By Dorothy Seehausen
After a long, snowy Wisconsin winter, it was time to take up my daughter’s invitation to visit my granddaughter, the anthropology major, at Augustana University in Sioux Falls, South Dakota. It was her 20th birthday and they promised me an hour on my own to do research. Her dorm is within walking distance of the Krause Research Library at the Center for Western Studies (CWS), so while they took a stroll around the campus enjoying the warmish spring-like weather I headed over to the CWS for a frolic of my own – piecing together the awesome story of our pioneer ancestors.
Located at 2001 S. Summit Avenue in Sioux Falls, the CWS houses a welcome center, gift shop, museum, and library. Most of its many offerings are free, and include the new permanent museum exhibits Voices of the Northern Plains, as well as the Krause Research Library which houses 40,000 volumes on the Great Plains/American West. Partnerships with the South Dakota State Historical Society, the South Dakota Archaeological Society and the University of Nebraska’s Center for Great Plains Studies aid the CWS in their goal to stimulate interest in the heritage of South Dakota. There is also online access to thousands of photos and documents in the library’s database Northern Plains Peoples & Places.
The Krause Research Library is upstairs, its walls appropriately decorated with long rows of books I wished I had time to get lost in. Off to the left at the top of the stairs an ample staff room awaits with staff to assist the researcher’s every whim. Open to the public, family historians either can browse the shelves themselves or hire a researcher to work with.
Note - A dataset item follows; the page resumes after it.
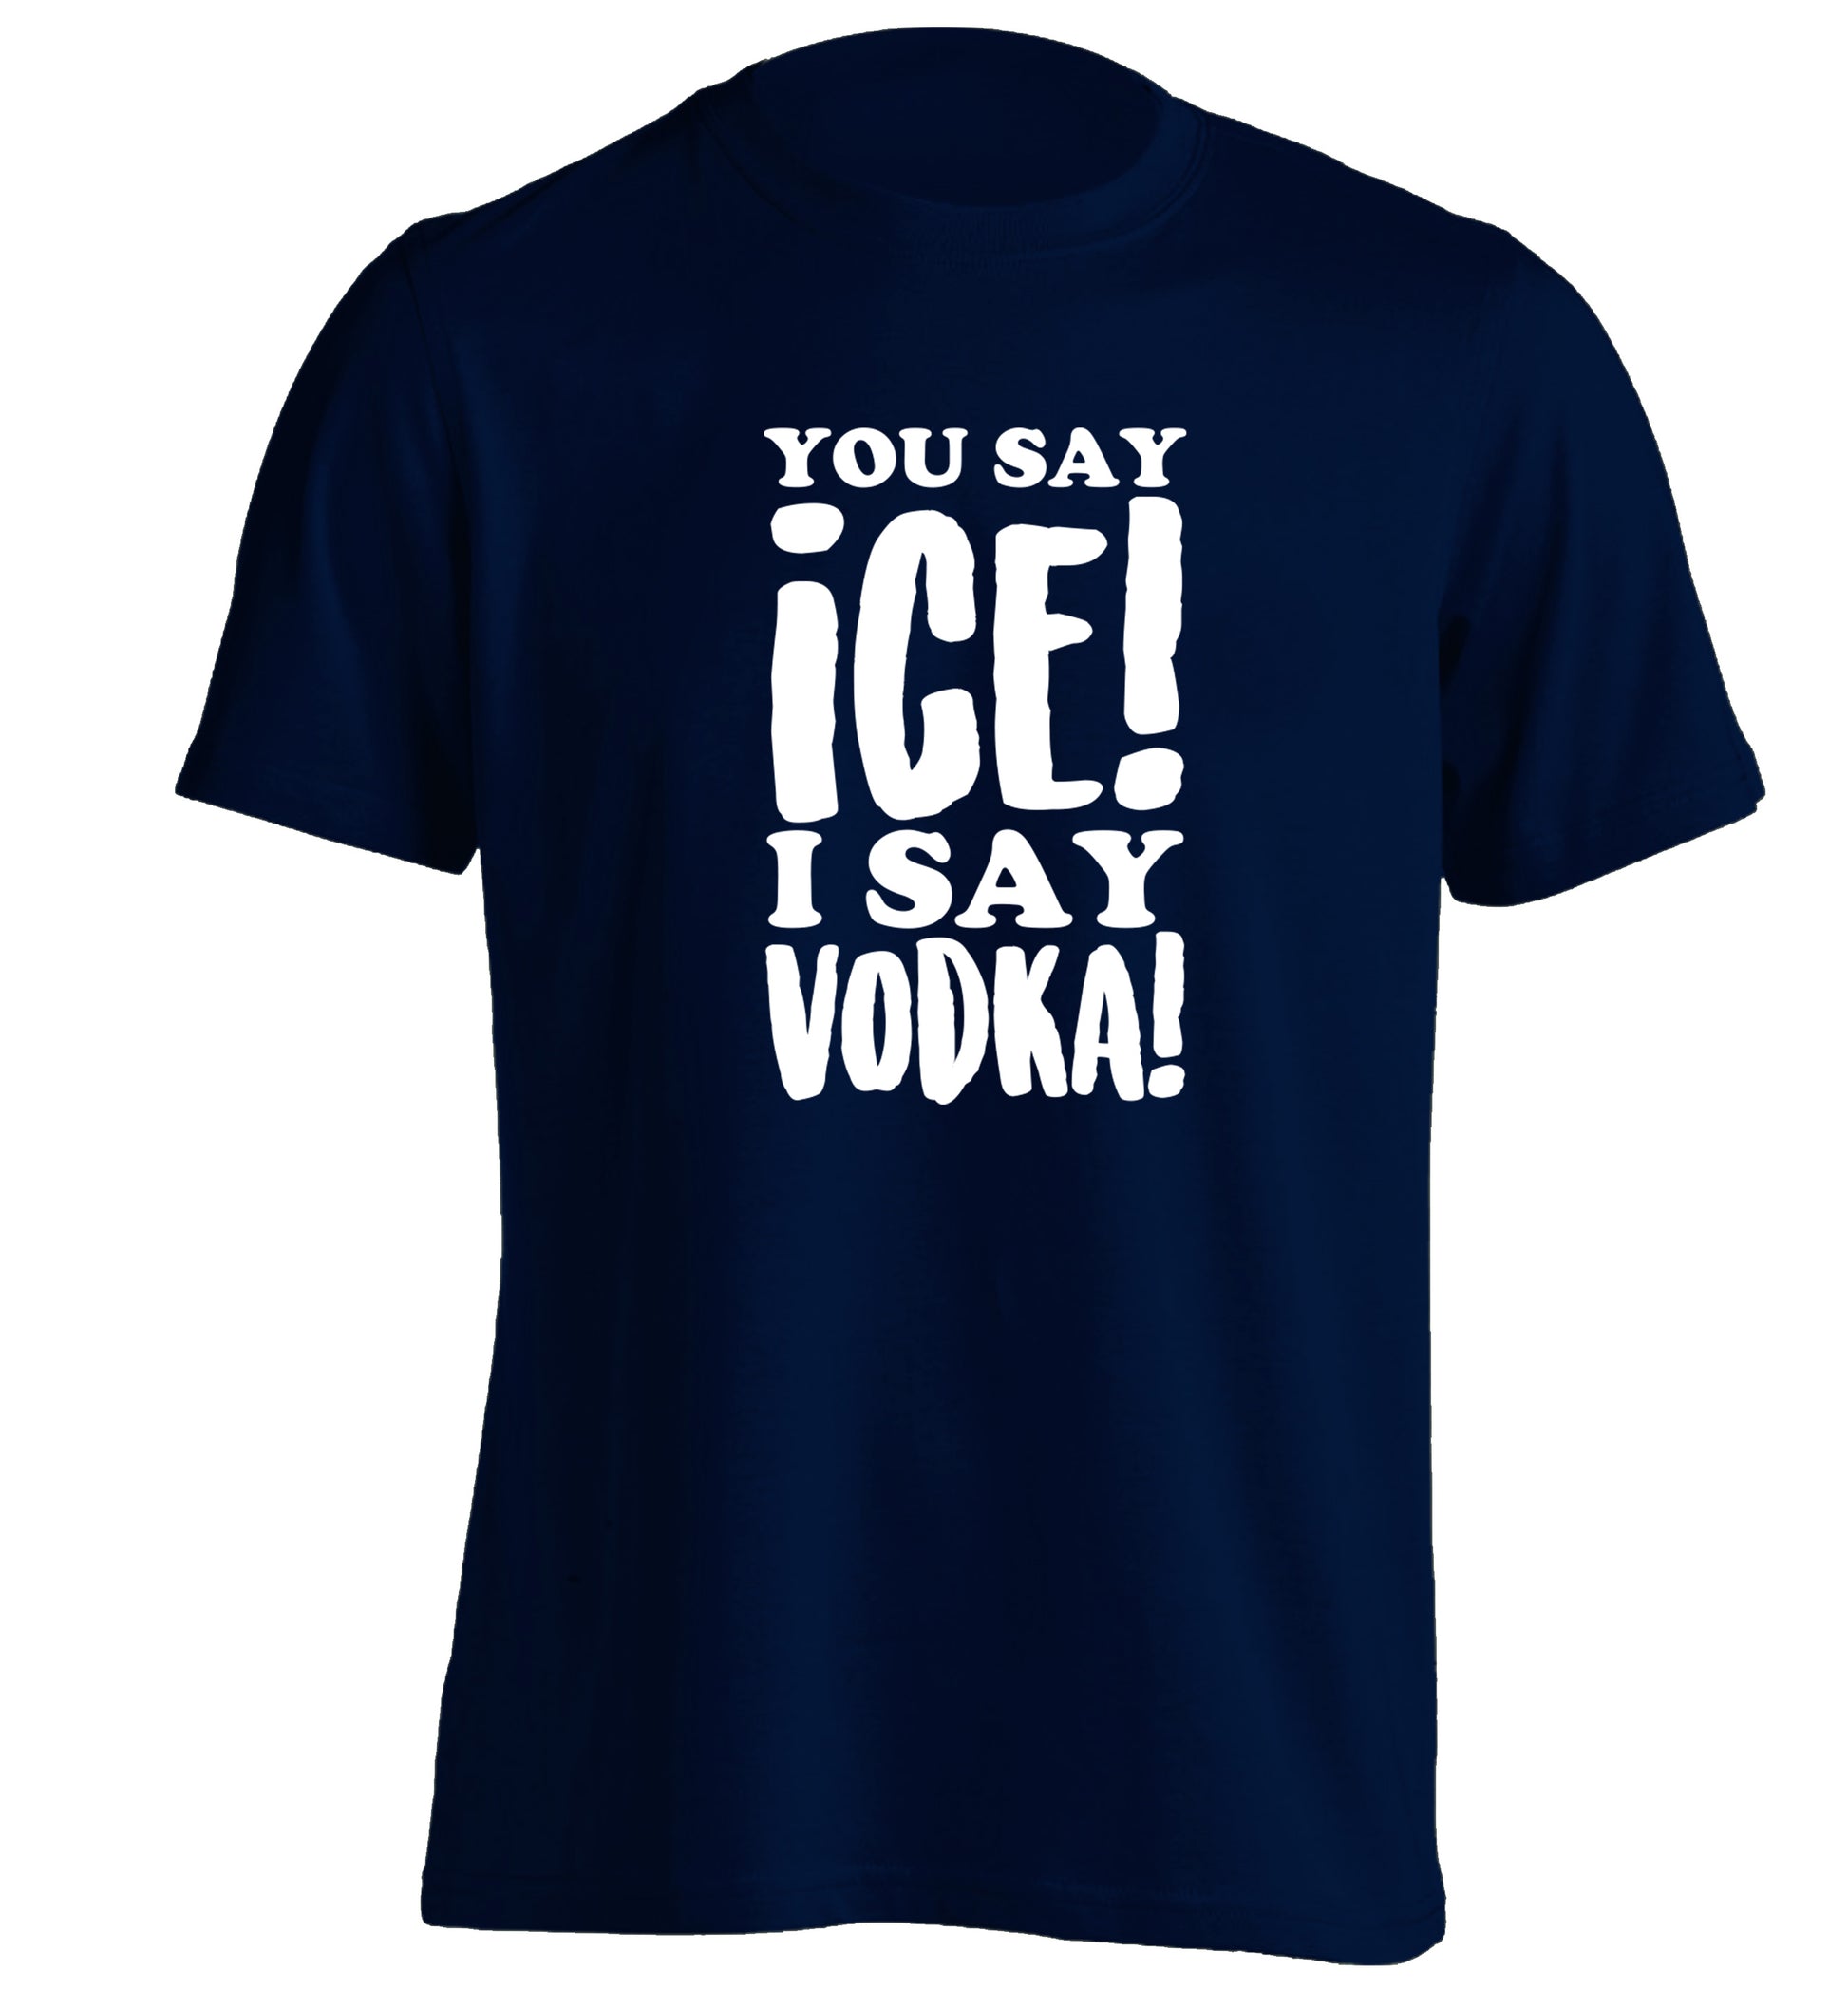 You say ice I say vodka! adults unisex navy Tshirt 2XL

Since my time and funds were limited, I decided to sit at the computer looking for books, articles, magazines – anything that contained the history of homesteading in South Dakota, my latest family history project.
My interest in South Dakota started when I married in 1961. My husband’s grandparents (my granddaughter’s great-greats), Thomas and Ida Mae Shanahan purchased 160 acres of homestead land for a filing fee of $18 in Lyman County, South Dakota in 1908. Their story is a microcosm of the lives of thousands of homesteaders who poured into Dakota Territory from 1860 to 1920, thanks to the homestead act of 1862.
Using “homesteading” and “South Dakota” as my search terms, a few minutes later I discovered “Drawn to the Land: Homesteading Dakota.” This guide is a 20-page booklet, digitized and available online, describing the South Dakota State Historical Society’s traveling exhibit to celebrate the state’s 125th anniversary. It includes an overview of the homesteading experience from the first purchase of 160 acres of land to proving it up and all the hardships, pitfalls and successes in between, including pictures of the one room sod huts many families had to live in.
I downloaded the guide on my flash drive, happy as great-great grandpa Shanahan must have been as he stood on his land for the first time, a land patent in his pocket and a dream in his heart.
So how big actually is 160 acres? The Mall of America is about 96 acres; Vatican City is about 110; Ellis Island is 27.40 acres; Buckingham Palace itself has 19 acres of floor space. Fort Knox is 109,054 acres. And if you had 168 football fields? They would fit on your 160 acres of land.